BLM, nat forests, etc..
to meet folks on the nature end?
check out the primary hiking trails..
if you need help with gas, you can do a little posting on CL, too.. make sure whoever hops on knows yer not necessarily rushing, & that they'd better relax.. also, don't count on ***ANY*** CL commitment ***EVER***... 
travelers will help jug or busk or spange to keep it going...

on a major road trip, right now.. gonna update in a min..
hope yer well & safe..

peace,

J


----------



## Matt Derrick (Aug 16, 2014)

staying fit on the road is a pretty big subject, so i'll refer you to some resources that can explain it better than i can.

Nerd Fitness is a personal favorite, since like it says, it's fitness for nerds, so it takes out all the jocky crap and puts it in more relatable terms that are more motivating. plus there's a simple workout routine here that works wonders (and doesn't require equipment).

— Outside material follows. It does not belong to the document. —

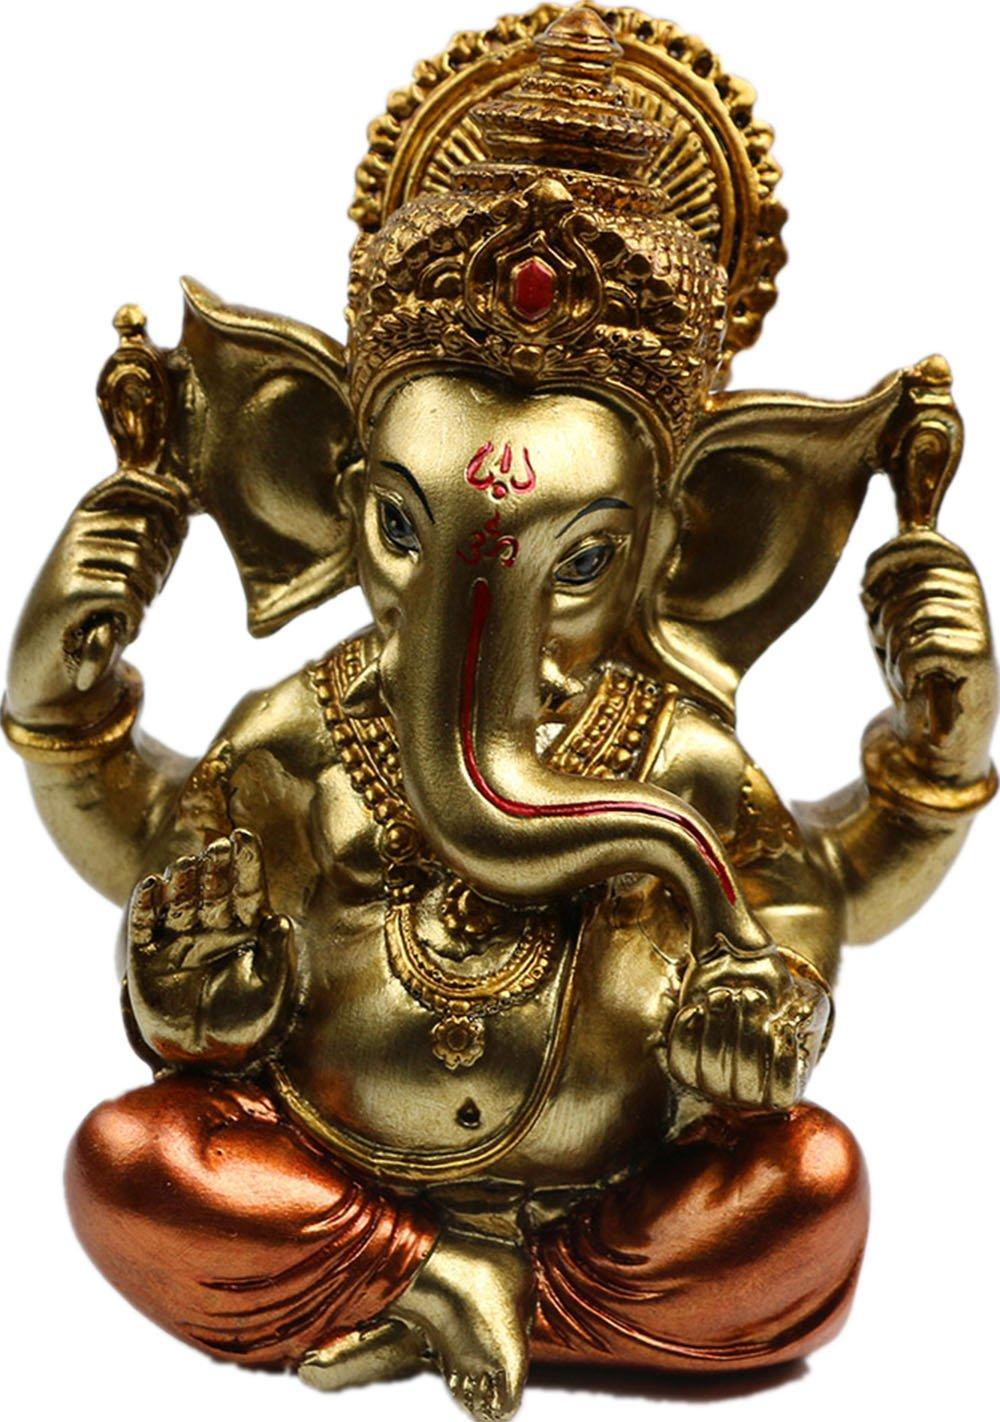 BangBangDa 6.3'' H Resin Hindu God Statue Ganesh Figurine India Buddha Elephant Lord Ganesha Sculpture Indian Idol Religious Car Accessories Diwali Decoration Home Décor Wedding Gift (Antique Copper)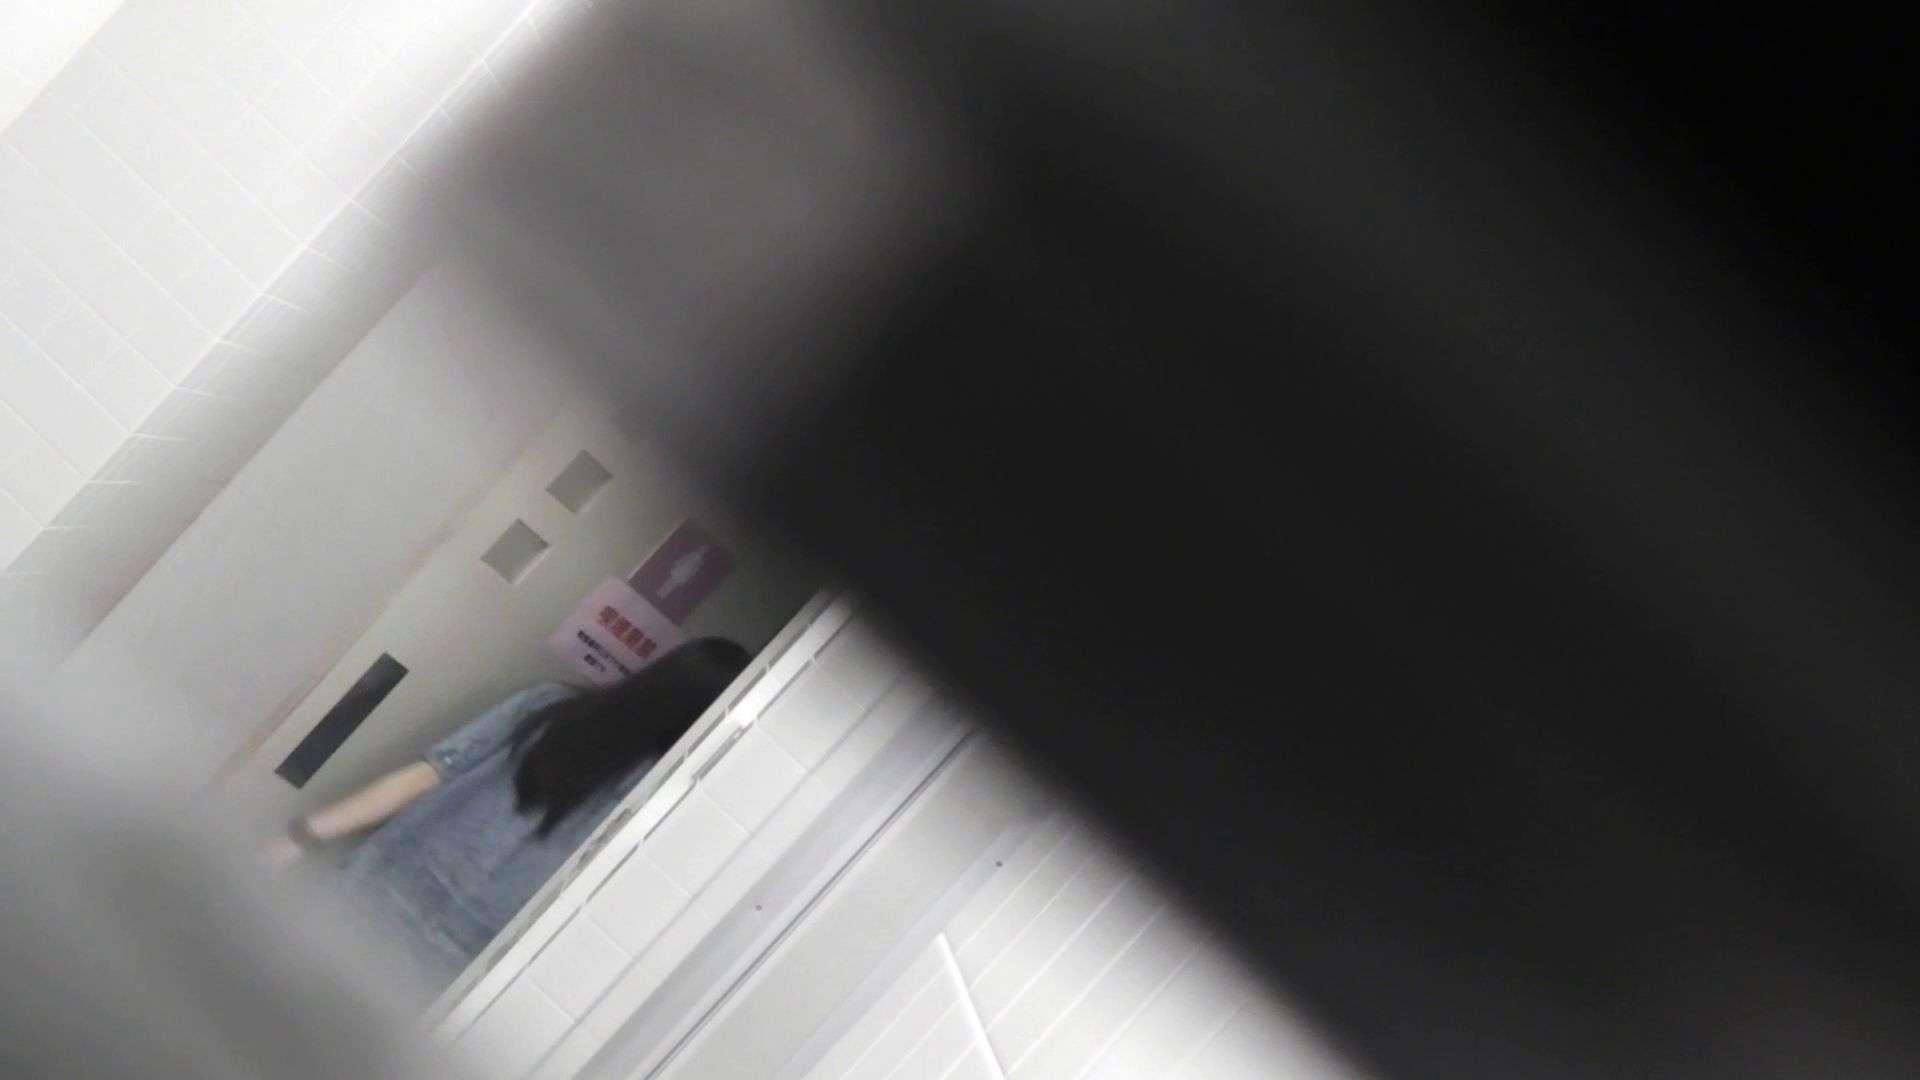 vol.20 命がけ潜伏洗面所! 清楚系可愛いギャル ギャルエロ画像   OLエロ画像  56PICs 13

also, i just got the "you are your own gym" app for android that looks promising. last, i thought these videos for a 7 minute workout were pretty cool.

hope that helps!


----------



## Matt Derrick (Aug 16, 2014)

oh yeah, and if you're in a van, you might wanna consider bringing bikes. you can get a cheap bike rack for just about any car from play it again sports, pawn shops, and thrift stores. i even used the one i got at play it again sports (meant for a car) to mount three bikes on the front nose of my school bus! biking is my favorite form of exercise so i thought i'd throw that in there.


----------



## Corinne (Aug 28, 2014)

living in a van is an exercise in itself. just eat fruits and veggies and remember to sniff your food before you eat it. food can last anywhere from a day to 5 days in the van before it spoils. if you can, get a gym membership. that will both allow you to stay in shape and clean.


----------